▶ [Prompt]: A faithful copy is needed of the lines below from the one with "Pierre Bourque ne" up to and including the one with "rosquinha de chocolate"; set it down with no pictures and no other lines.

▶ [Records to process]:
○ ○ ○ ○ ○ ○ ○

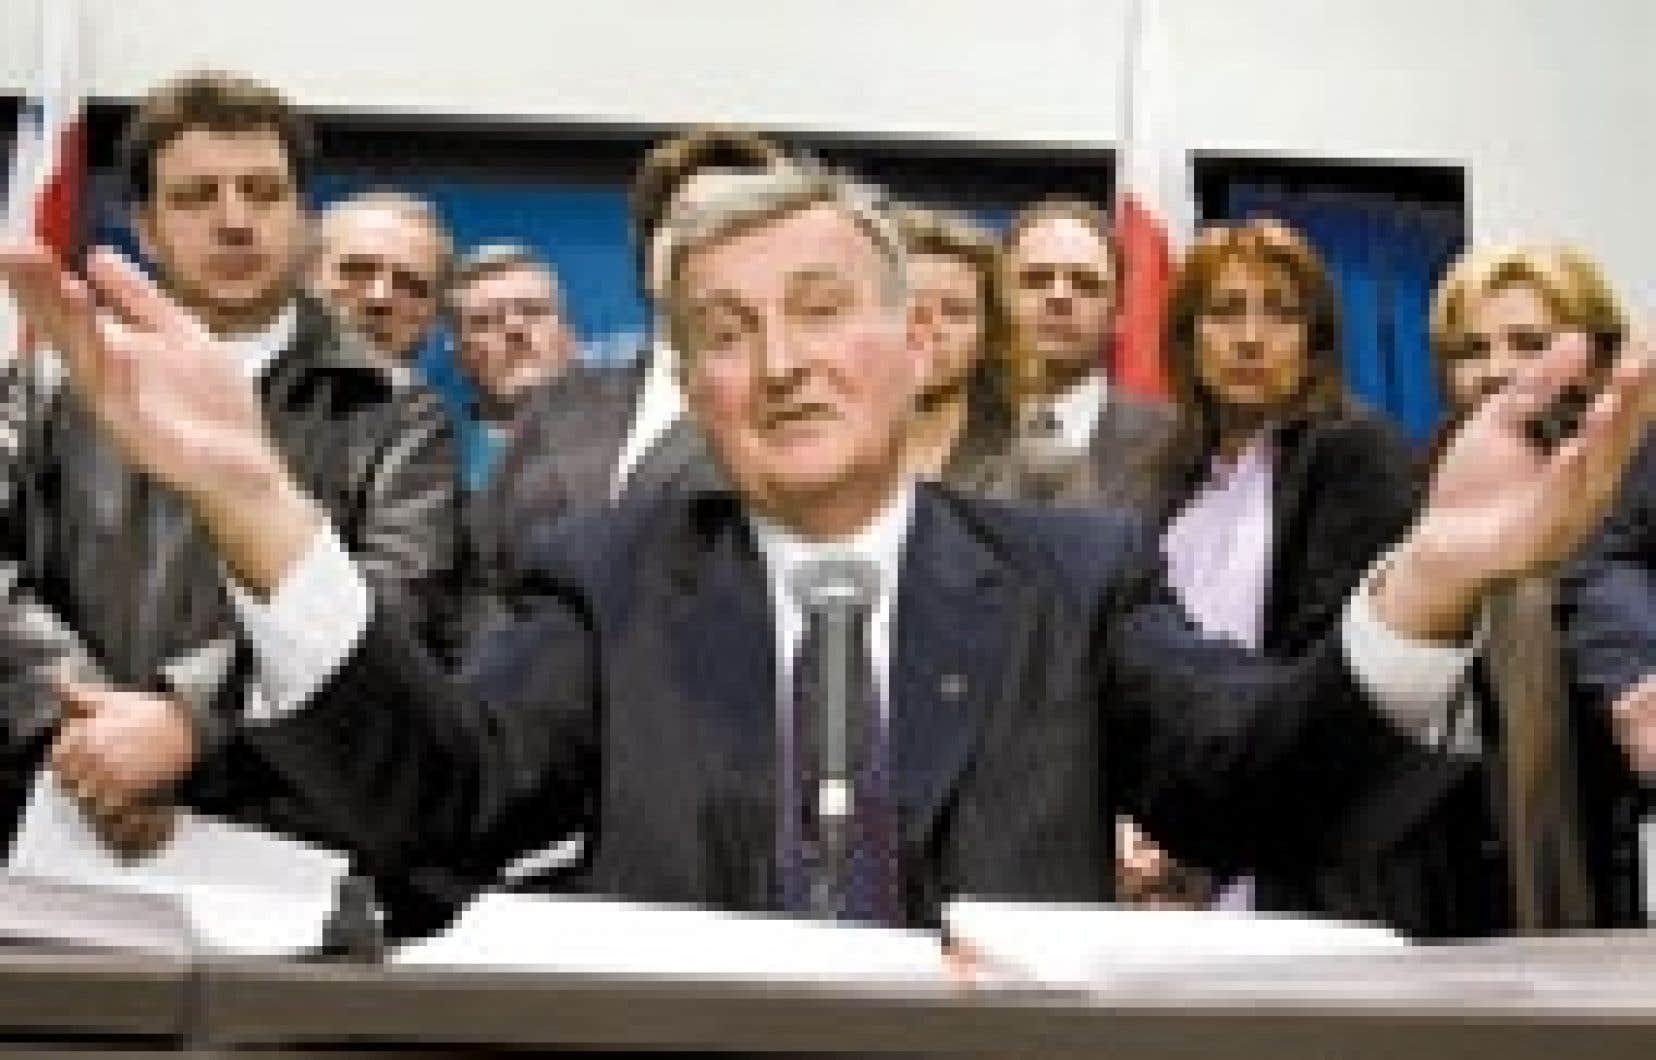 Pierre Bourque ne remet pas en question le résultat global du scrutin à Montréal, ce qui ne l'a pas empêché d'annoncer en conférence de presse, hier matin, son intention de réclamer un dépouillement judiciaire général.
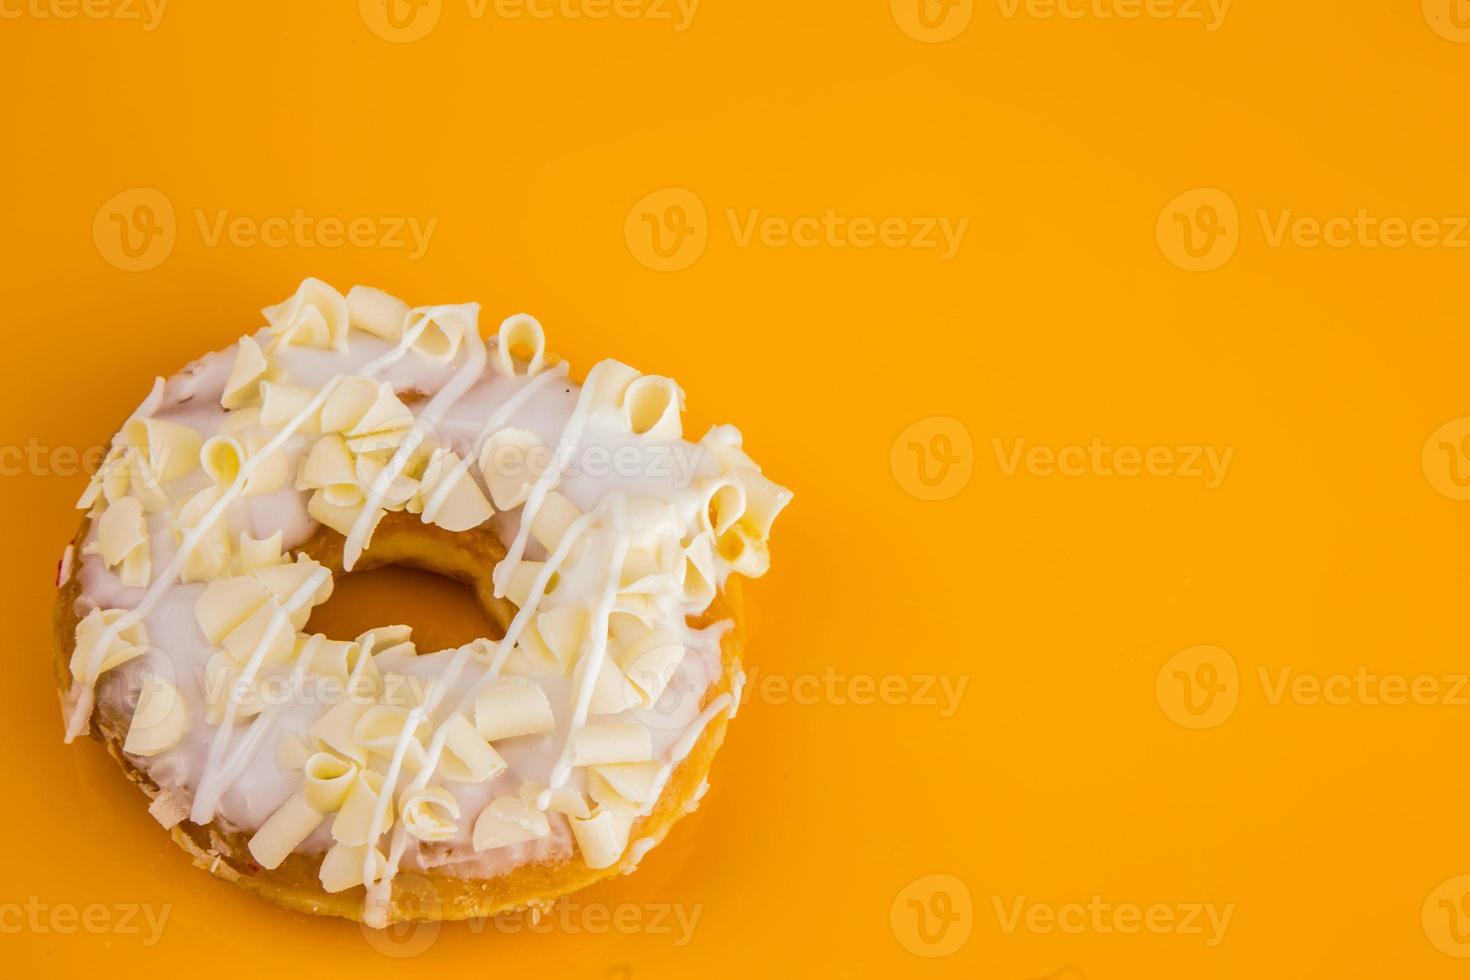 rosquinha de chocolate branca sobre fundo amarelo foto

○ ○ ○ ○ ○ ○ ○

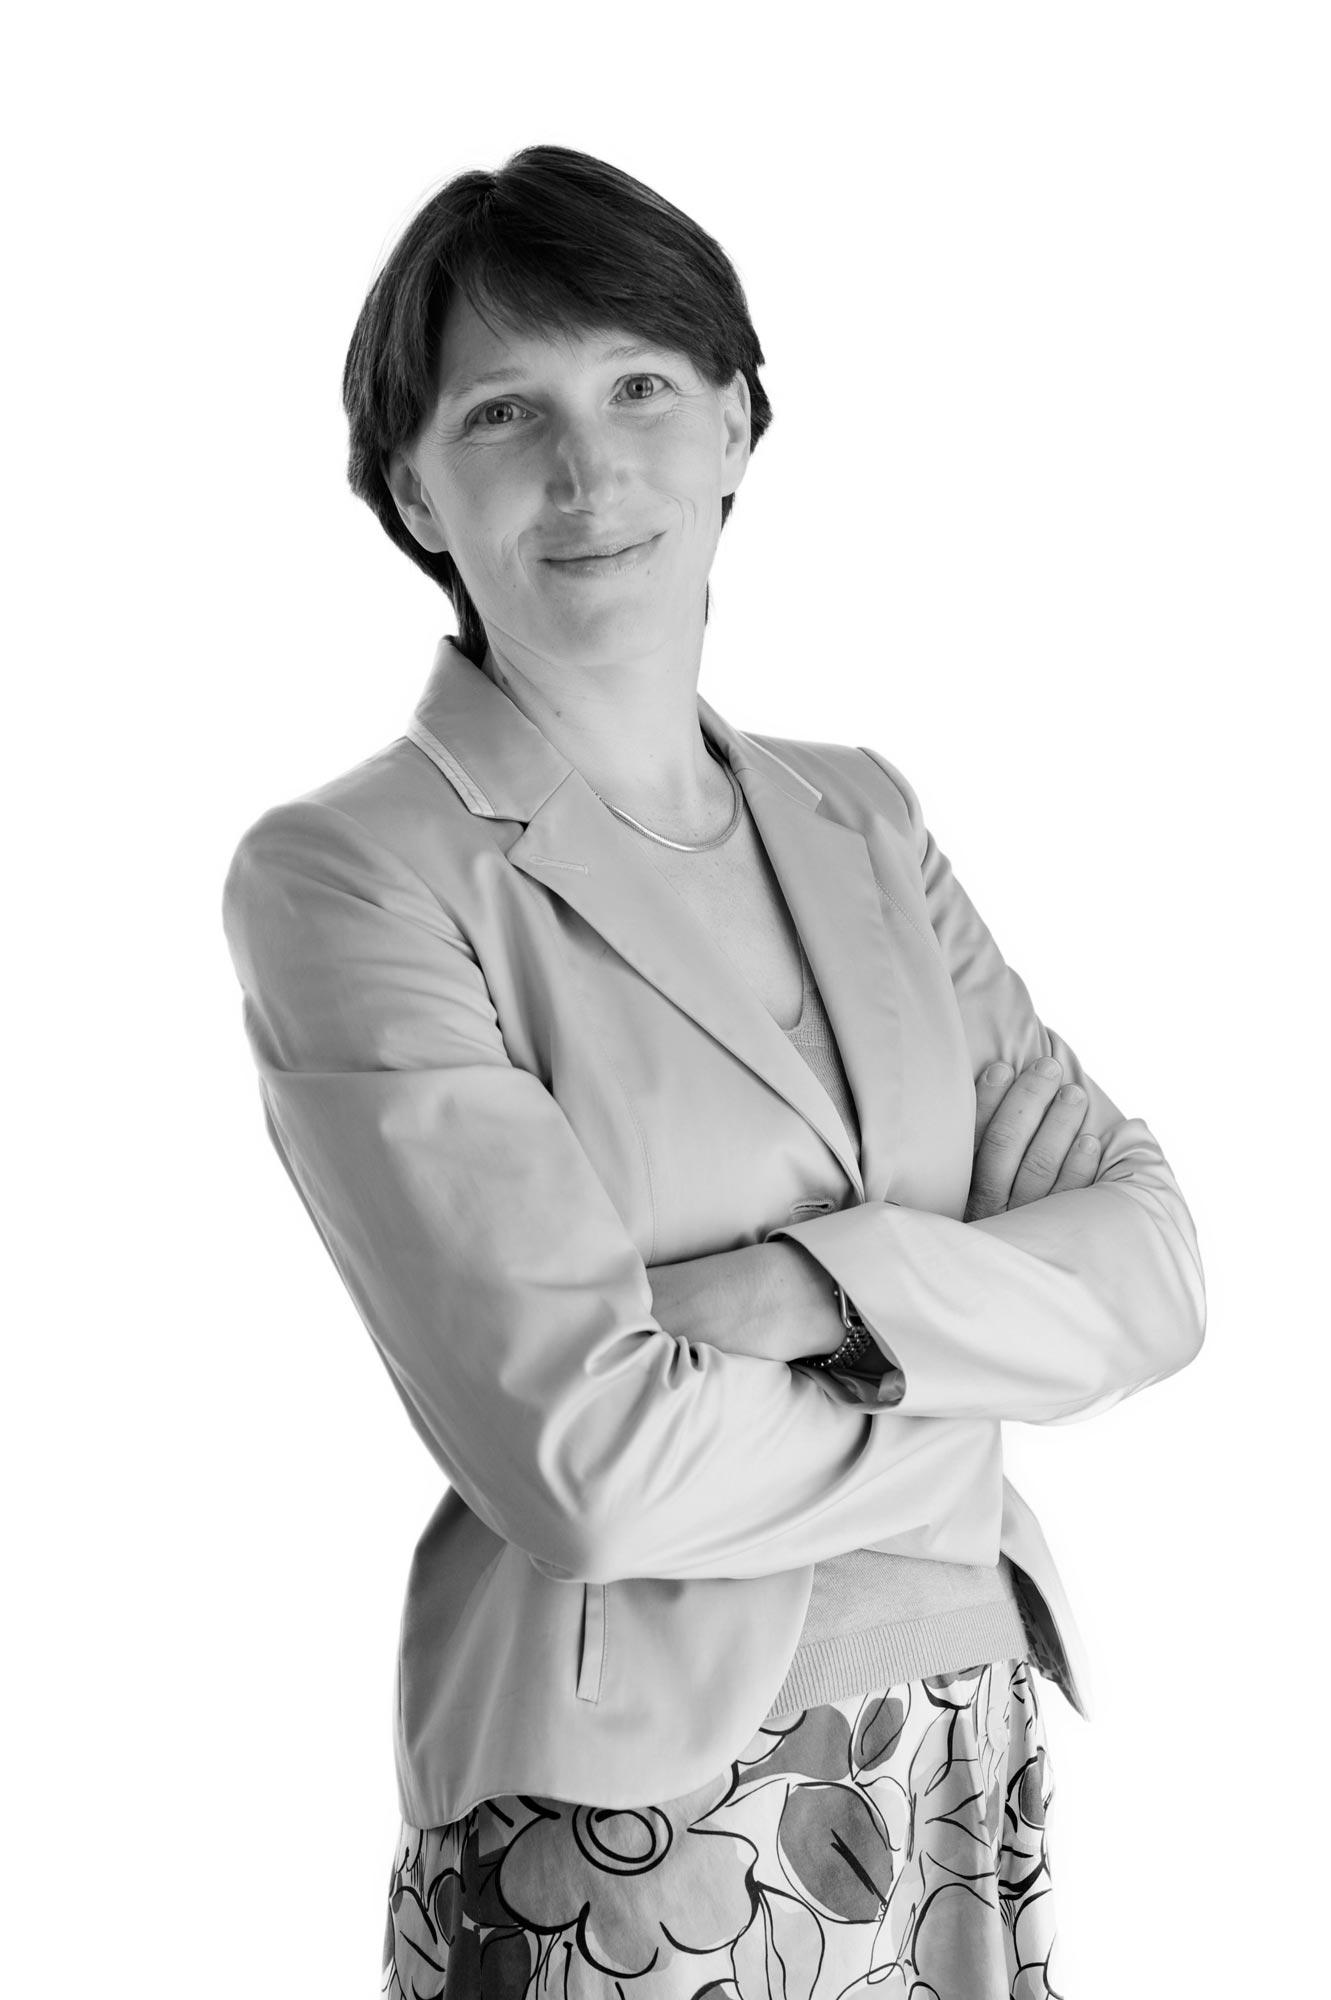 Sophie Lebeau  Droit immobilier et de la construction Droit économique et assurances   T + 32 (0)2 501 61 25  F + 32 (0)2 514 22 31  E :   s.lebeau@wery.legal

○ ○ ○ ○ ○ ○ ○

▶ [Solution for this exercise]:
 Pierre Bourque ne remet pas en question le résultat global du scrutin à Montréal, ce qui ne l'a pas empêché d'annoncer en conférence de presse, hier matin, son intention de réclamer un dépouillement judiciaire général.
 rosquinha de chocolate branca sobre fundo amarelo foto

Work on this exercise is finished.